In conclusion, it may be stated that many river terraces, mostly very low, are normal features of valley development, coming into existence at definite stages in a valley’s history. They are generally composed, in large part, of river alluvium. Others result from more or less accidental causes, working singly or in conjunction, and to this class belong all of the more conspicuous terraces developed from flood-plains. The structure of a terrace often affords some clue to its origin ([Fig. 196]).
Fig. 196.—Terraces partly of rock and partly of alluvium. Such terraces indicate successive uplifts, or some other change which had a similar effect on the stream which made the valley.
Discontinuity of terraces.—When a stream sinks its channel into its flood-plain, it does not follow that a terrace remains on each side. Where the stream’s deepened channel is in the middle of its flood-plain, there is, temporarily, a terrace on either side; but wherever the deepened channel is at one margin of its flood-plain, a terrace remains on the other side only. Even where continuous at the outset, terraces soon become discontinuous, for all processes of subaërial erosion conspire to destroy them. A stream is likely to meander on its second and later flood-plains, as on its first and highest one. Wherever the meanders on its second flood-plain reach the borders of the first flood-plain, the terrace at that point disappears, and since the meanders are continually migrating, terraces are continually disappearing. The same would be true of the second terrace, if a second were developed. The removal of portions of a terrace by the sweep of meanders is likely to leave the remnants cuspate toward the stream.[91] Again, tributary streams, in bringing their channels into topographic adjustment with their mains, cut through the terraces of the latter. New gullies develop on the faces of the terraces and their heads work back across them, dissecting them still further. At the same time, sheet erosion and other phases of slope wash tend to drive the scarps of the terraces back toward the bluff beyond. By the time a second series of terraces is well developed, no more than meagre remnants of the first may remain.
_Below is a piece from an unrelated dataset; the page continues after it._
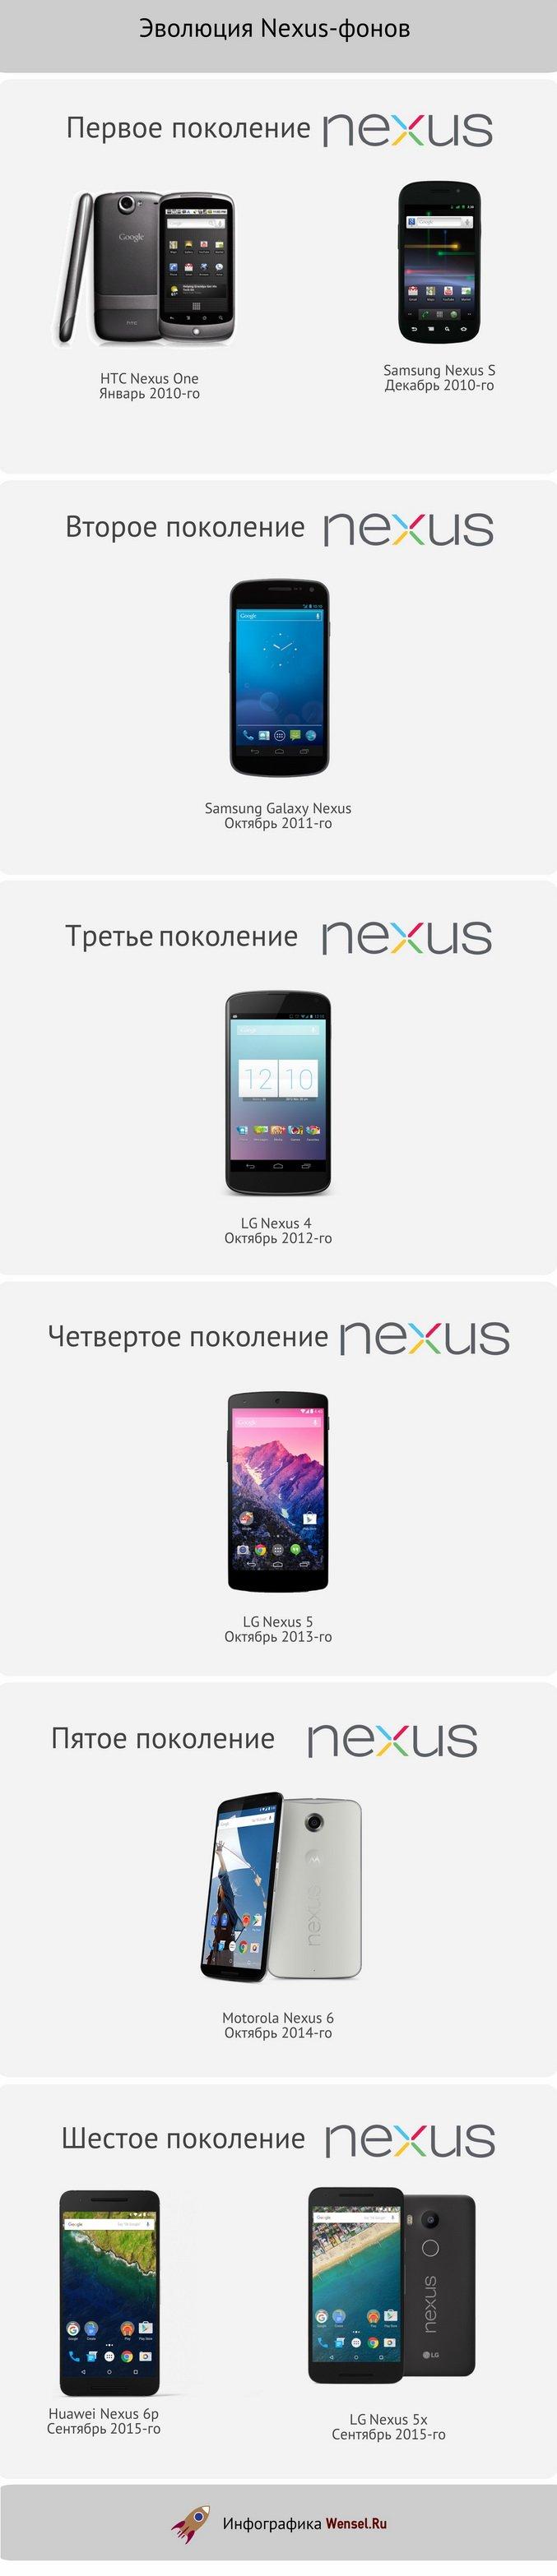 Эволюция смартфонов Google Nexus от HTC Nexus One до LG Nexus 5x и Nexus 6p

From the foregoing considerations it is clear that the extent to which river terraces once developed, now remain, is dependent in part on the length of time which has elapsed since the river sank its channel below them. Other things being equal, the greater their age the more meagre their remnants.
Terraces developed from river plains formed chiefly by alluviation stand a better chance of long life than most other alluvial terraces. This is because of the configuration of the original valley, the aggradation of which gave origin to the plain. The principle involved is illustrated by [Fig. 197]. In developing the second flood-plain the river encounters the rock wall of the valley. This greatly retards lateral erosion, and the terrace above, defended[92] by the rock, is likely to be long-lived.
Fig. 197.—Diagram to show why certain terraces are longer lived than others.